Without 61 volunteers counting butterflies across Colorado, the monitoring study would not be possible, and the effort is always looking for more volunteers. In total, the group counted 124 Eastern monarchs in Adams, Arapahoe, Boulder, Broomfield, Douglas, El Paso, Gilpin, Jefferson, Larimer, Ouray, Routt and Weld counties.
“We only know those numbers because of community scientists, so it’s people dedicated to the cause, who are going out and donating their time to count monarch populations,” Herschcovich said.
She said the percentage increase in monarchs recorded this year took into account volunteer hours to provide a more accurate number. Because the report relies on volunteers, some years see more hours counting butterflies than others.
Counting butterflies aids conservation efforts. Herschcovich noted that conservation can seem like a major problem with only major solutions, and she sees that line of thinking applied to climate change as well. Yet, she believes some answers can be simpler than most folks may think.
“Community scientists really take matters into their own hands and revolutionize what we can do for conservation,” she said.
Climate change, wildfires, droughts, urbanization, herbicides and many other factors contribute to the decline of butterflies, and Hershcovich said it all comes down to habitat.
“When there are big droughts and water sources disappear or diminish, the host plant (ex.
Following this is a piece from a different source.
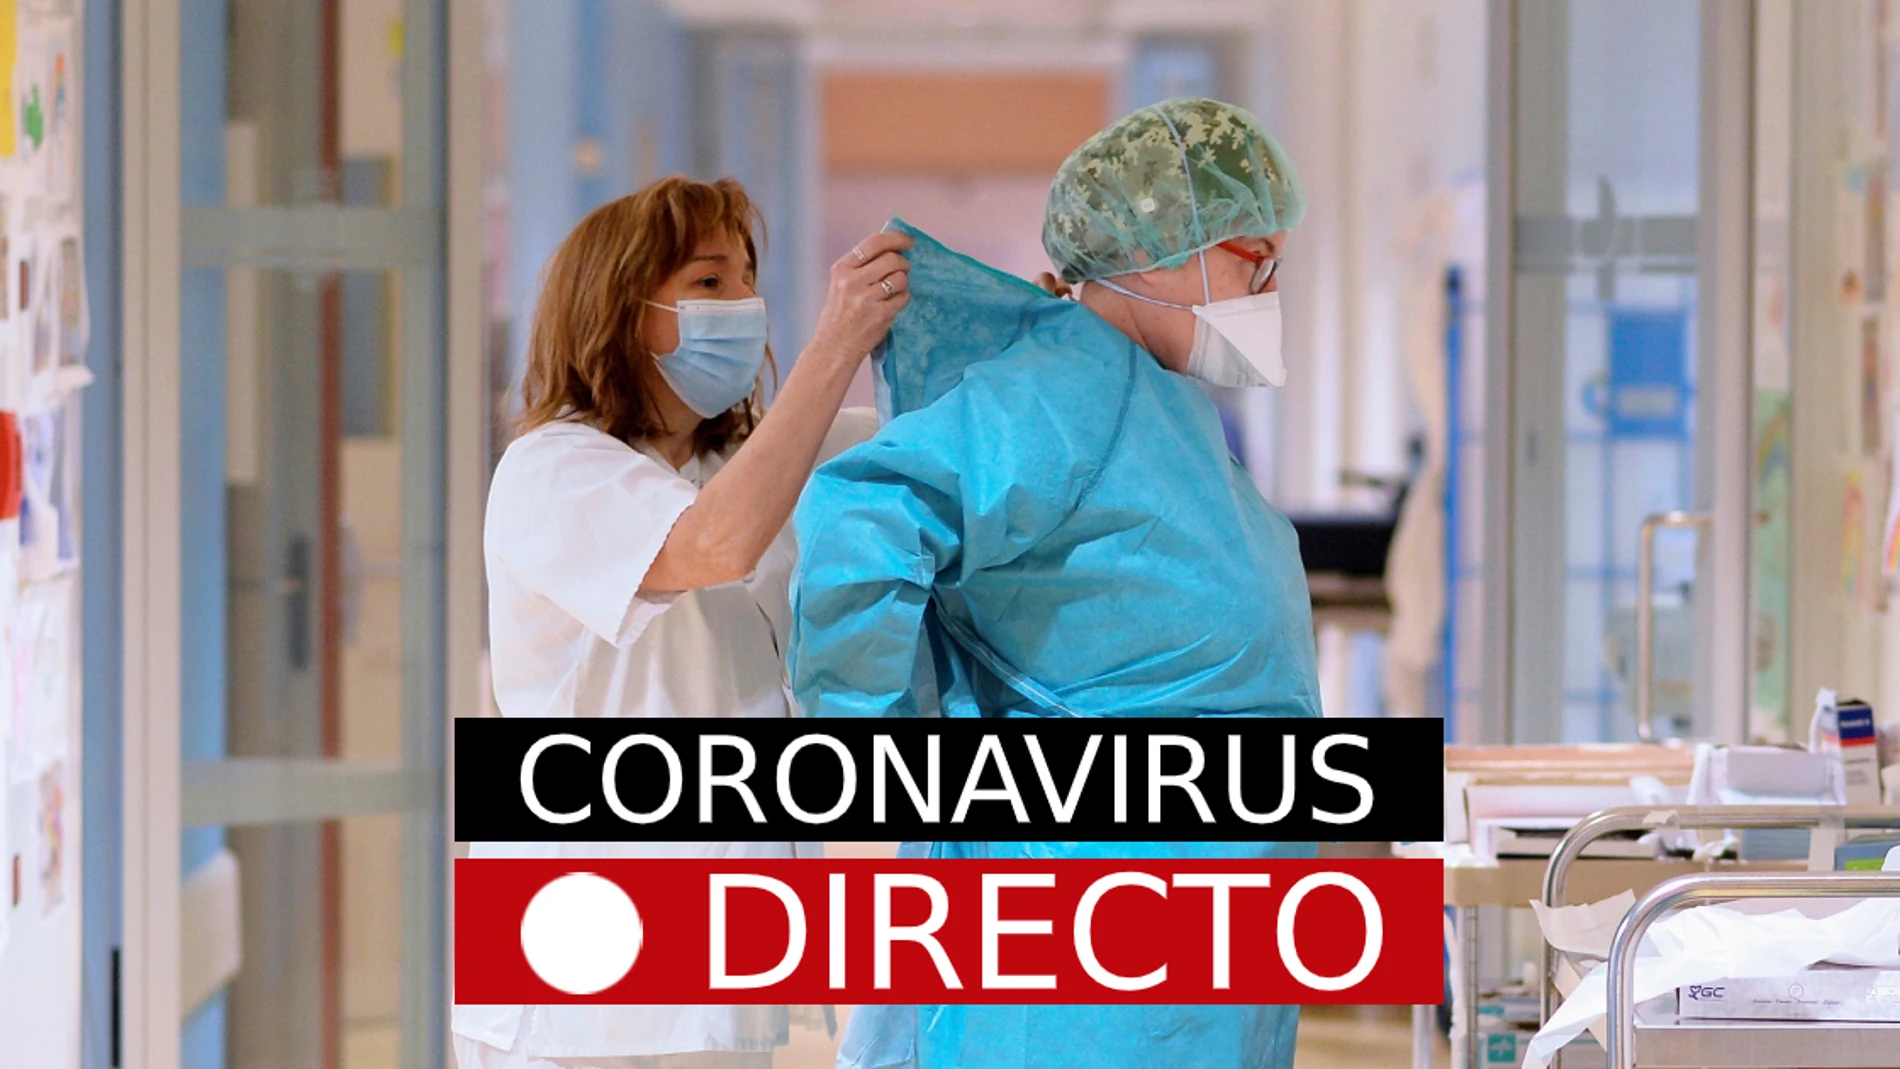 COVID-19, hoy | Nuevas medidas en España por el coronavirus, confinamiento y restricciones, en directo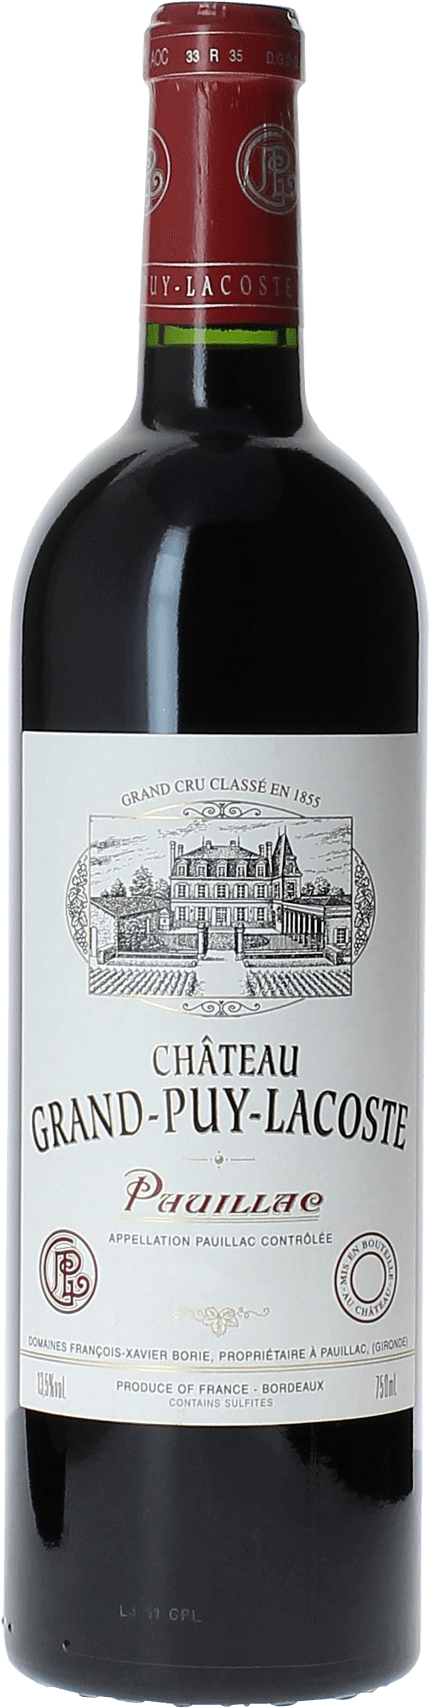 Grand puy lacoste 2018 5 me Grand cru class Pauillac, Bordeaux rouge

Milkweed) habitat also diminishes, and when we expand urban zones, we also essentially erase healthy habitat for monarchs, and when we plant gardens instead of planting native plants — we put grassy lawns — that’s also removing additional habitat,” she said.
She said the 2019 and 2020 fire seasons were probably linked to the large declines during those years.
On the flip side, she explained the increase in monarchs — both nationally and across the state — is likely due to more favorable climate conditions such as milder temperatures during the breeding season and better rainfall.
She also noted decreased use of pesticides and more monarch conservationists planting milkweeds and native flowering plants to support the species as other factors contributing to the rise in monarch numbers.
“While it’s difficult to point to a single cause of increase, it’s likely an aggregation of behaviors and conditions that have boosted monarch numbers around the country,” she said.
Colorado residents can help restore monarchs and other butterflies by planting native plant species in their own yards, and the Pavilion has those plants for sale in the spring.
“Everyone gets to participate in creating a safer world for monarchs and invertebrates in general, and really ecosystems,” Herschcovich said.